**Work request:** Determine how many lines in the entries below contain "como", and output that number alone.

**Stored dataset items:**
[Start of section]

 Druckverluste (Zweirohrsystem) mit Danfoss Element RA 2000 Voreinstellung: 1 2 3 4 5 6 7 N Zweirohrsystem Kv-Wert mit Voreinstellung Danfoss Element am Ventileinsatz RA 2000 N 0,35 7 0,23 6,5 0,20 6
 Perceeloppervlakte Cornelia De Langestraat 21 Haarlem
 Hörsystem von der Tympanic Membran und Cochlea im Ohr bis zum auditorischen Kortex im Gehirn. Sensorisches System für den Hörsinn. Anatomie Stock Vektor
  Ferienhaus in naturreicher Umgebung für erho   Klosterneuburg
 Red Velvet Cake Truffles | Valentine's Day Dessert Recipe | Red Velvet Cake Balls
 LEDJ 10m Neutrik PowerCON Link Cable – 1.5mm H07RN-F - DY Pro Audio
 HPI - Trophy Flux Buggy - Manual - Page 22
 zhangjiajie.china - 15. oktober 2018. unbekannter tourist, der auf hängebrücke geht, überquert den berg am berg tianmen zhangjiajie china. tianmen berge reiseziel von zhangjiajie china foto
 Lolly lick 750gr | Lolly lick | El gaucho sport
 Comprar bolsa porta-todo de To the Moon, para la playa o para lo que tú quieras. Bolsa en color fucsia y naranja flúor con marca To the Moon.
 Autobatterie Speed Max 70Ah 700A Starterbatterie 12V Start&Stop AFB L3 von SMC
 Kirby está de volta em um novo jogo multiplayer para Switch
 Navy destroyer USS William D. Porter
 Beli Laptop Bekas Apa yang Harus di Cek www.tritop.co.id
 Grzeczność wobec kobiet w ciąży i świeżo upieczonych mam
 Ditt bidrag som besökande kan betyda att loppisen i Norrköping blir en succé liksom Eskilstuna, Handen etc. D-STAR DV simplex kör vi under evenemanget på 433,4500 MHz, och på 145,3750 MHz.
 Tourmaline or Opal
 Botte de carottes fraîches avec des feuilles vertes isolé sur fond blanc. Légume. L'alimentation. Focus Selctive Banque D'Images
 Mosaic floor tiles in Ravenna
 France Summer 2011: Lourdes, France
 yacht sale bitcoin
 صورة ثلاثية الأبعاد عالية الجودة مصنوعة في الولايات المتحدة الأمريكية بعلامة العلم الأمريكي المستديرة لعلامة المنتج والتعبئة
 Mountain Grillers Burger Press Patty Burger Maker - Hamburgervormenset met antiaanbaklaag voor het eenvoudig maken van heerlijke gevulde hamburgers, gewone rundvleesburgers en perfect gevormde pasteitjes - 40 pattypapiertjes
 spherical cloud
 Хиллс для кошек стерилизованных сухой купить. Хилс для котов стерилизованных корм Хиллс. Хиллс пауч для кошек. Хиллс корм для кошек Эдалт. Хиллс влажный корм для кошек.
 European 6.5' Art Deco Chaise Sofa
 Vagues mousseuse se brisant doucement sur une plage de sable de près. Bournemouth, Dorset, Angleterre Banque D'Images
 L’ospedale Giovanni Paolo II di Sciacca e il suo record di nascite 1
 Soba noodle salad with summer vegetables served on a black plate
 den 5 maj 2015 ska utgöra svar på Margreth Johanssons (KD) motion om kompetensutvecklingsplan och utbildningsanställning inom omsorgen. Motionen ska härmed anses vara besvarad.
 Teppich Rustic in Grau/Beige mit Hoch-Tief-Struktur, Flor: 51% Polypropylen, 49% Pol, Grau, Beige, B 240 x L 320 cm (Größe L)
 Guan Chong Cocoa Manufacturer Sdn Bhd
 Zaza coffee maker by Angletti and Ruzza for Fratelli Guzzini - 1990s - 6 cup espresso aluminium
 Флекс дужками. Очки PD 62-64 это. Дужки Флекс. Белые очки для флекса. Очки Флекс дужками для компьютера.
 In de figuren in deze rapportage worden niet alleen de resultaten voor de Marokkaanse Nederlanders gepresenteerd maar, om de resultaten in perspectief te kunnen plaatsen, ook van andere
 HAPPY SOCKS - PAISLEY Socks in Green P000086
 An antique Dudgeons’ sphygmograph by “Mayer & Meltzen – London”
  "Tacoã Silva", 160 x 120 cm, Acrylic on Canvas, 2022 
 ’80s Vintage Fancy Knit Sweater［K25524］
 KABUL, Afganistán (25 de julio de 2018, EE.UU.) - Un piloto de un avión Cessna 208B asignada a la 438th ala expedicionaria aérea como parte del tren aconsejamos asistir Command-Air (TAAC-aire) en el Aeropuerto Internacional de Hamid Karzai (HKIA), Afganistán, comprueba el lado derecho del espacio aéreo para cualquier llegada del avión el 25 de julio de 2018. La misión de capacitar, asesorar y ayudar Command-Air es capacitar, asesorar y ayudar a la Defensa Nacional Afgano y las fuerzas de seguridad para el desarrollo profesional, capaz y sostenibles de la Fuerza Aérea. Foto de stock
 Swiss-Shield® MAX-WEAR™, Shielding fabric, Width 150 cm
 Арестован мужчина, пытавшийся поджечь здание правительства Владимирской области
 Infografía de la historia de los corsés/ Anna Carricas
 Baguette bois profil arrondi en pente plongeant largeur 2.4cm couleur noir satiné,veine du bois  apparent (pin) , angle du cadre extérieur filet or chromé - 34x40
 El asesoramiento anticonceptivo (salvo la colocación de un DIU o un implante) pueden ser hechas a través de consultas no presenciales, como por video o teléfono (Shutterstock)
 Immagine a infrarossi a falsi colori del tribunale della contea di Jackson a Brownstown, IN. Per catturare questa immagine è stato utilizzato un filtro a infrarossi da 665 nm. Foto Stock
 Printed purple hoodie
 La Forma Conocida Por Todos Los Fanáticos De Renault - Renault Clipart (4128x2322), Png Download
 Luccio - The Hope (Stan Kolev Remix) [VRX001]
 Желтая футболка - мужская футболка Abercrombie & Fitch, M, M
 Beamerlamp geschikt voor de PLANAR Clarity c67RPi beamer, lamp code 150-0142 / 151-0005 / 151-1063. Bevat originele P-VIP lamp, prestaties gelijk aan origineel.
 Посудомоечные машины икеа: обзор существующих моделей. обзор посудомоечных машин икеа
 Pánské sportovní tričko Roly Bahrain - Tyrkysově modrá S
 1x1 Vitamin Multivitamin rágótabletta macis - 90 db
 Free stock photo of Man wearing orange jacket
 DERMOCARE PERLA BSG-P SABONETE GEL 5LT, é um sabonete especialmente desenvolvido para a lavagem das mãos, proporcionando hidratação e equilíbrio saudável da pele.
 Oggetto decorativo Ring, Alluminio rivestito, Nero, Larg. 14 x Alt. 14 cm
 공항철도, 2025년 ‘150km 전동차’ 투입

[End of section]

**Answer space:** 2